Despite the promise of efficacy and the widespread safe use of COX-2 inhibitors, the long-term safety of celecoxib has not yet been established.[prophetic words] Like traditional NSAIDs, celecoxib is contraindicated during late pregnancy. Celecoxib also has the same renal, hepatic, and GI side effects that are also associated with aspirin and other NSAIDs (reviewed in Ref. 102 ). GI events appear to be less frequent and severe with celecoxib than with nonselective agents (103) . However, limited postmarketing data suggest a comparable renal side effect profile [2.1% and 0.8% incidence, respectively, of edema and hypertension with celecoxib (104) ]. Rare cases of acute renal failure have also been reported (105) . These effects highlight the pivotal role of COX-2-dependent prostaglandins in normal renal development and maintenance (106 , 107) .

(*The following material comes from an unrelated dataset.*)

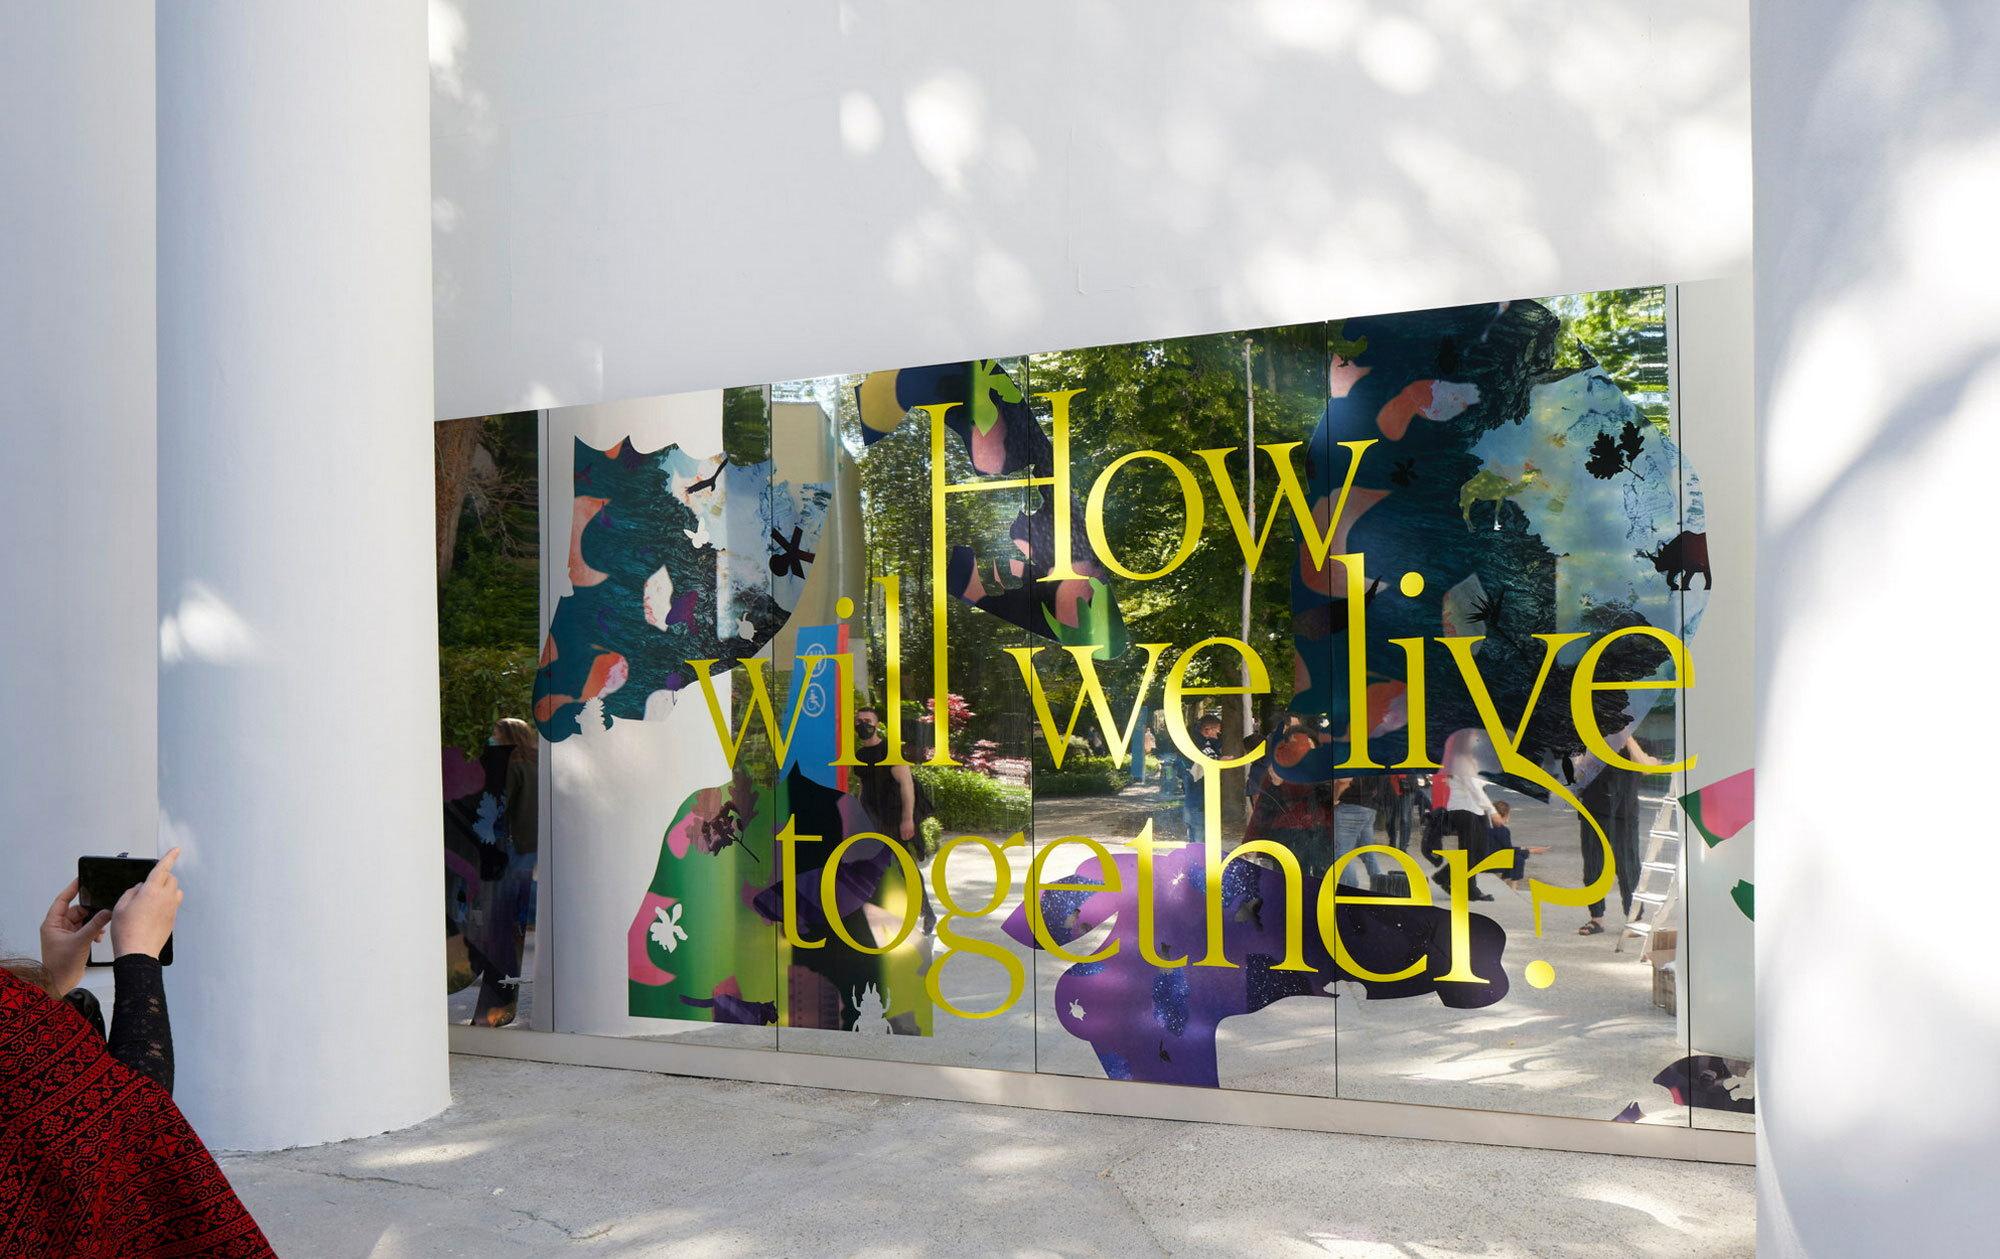 How will we live together? Kurator Hashim Sarkis wirft mit der 17. Architekturbiennale in Venedig einen Anker ins Morgen.Foto: Nils Koenning

In a large clinical trial, myocardial infarction was four times more common with rofecoxib (50 mg qd) than naproxen [500 mg bid; 0.4% versus 0.1% (108) ]. However, a recent large retrospective analysis found no increased risk of myocardial infarction among >15,000 and >12,000 short-term users of celecoxib and rofecoxib, respectively, over the age of 66 years (109) . A meta-analysis of patients in trials of COX-2 inhibitors found an annualized myocardial infarction rate of 0.8 (P = 0.02) and 0.74 (P = 0.04) for celecoxib and rofecoxib, respectively, versus 0.52 for placebo (110) . This analysis is limited by the small absolute number of cardiovascular events (<70) and confounded by statistical methodology as well as heterogeneity among the three pooled study populations (aspirin use, rheumatoid versus osteoarthritis patients versus primary prevention trial participants). Nevertheless, appropriate postapproval surveillance should continue in patients with cardiovascular risk factors.

The potential for drug-drug interactions typically presents safety concerns. Celecoxib inhibits cytochrome P-450 CYP2C9, which metabolizes a number of drugs including warfarin (111 , 112) . Lithium and fluconazole also potentially interact with celecoxib. As additional postmarketing data accrue, a more complete profile of drugs that should not be used in combination with COX-2 inhibitors will likely emerge.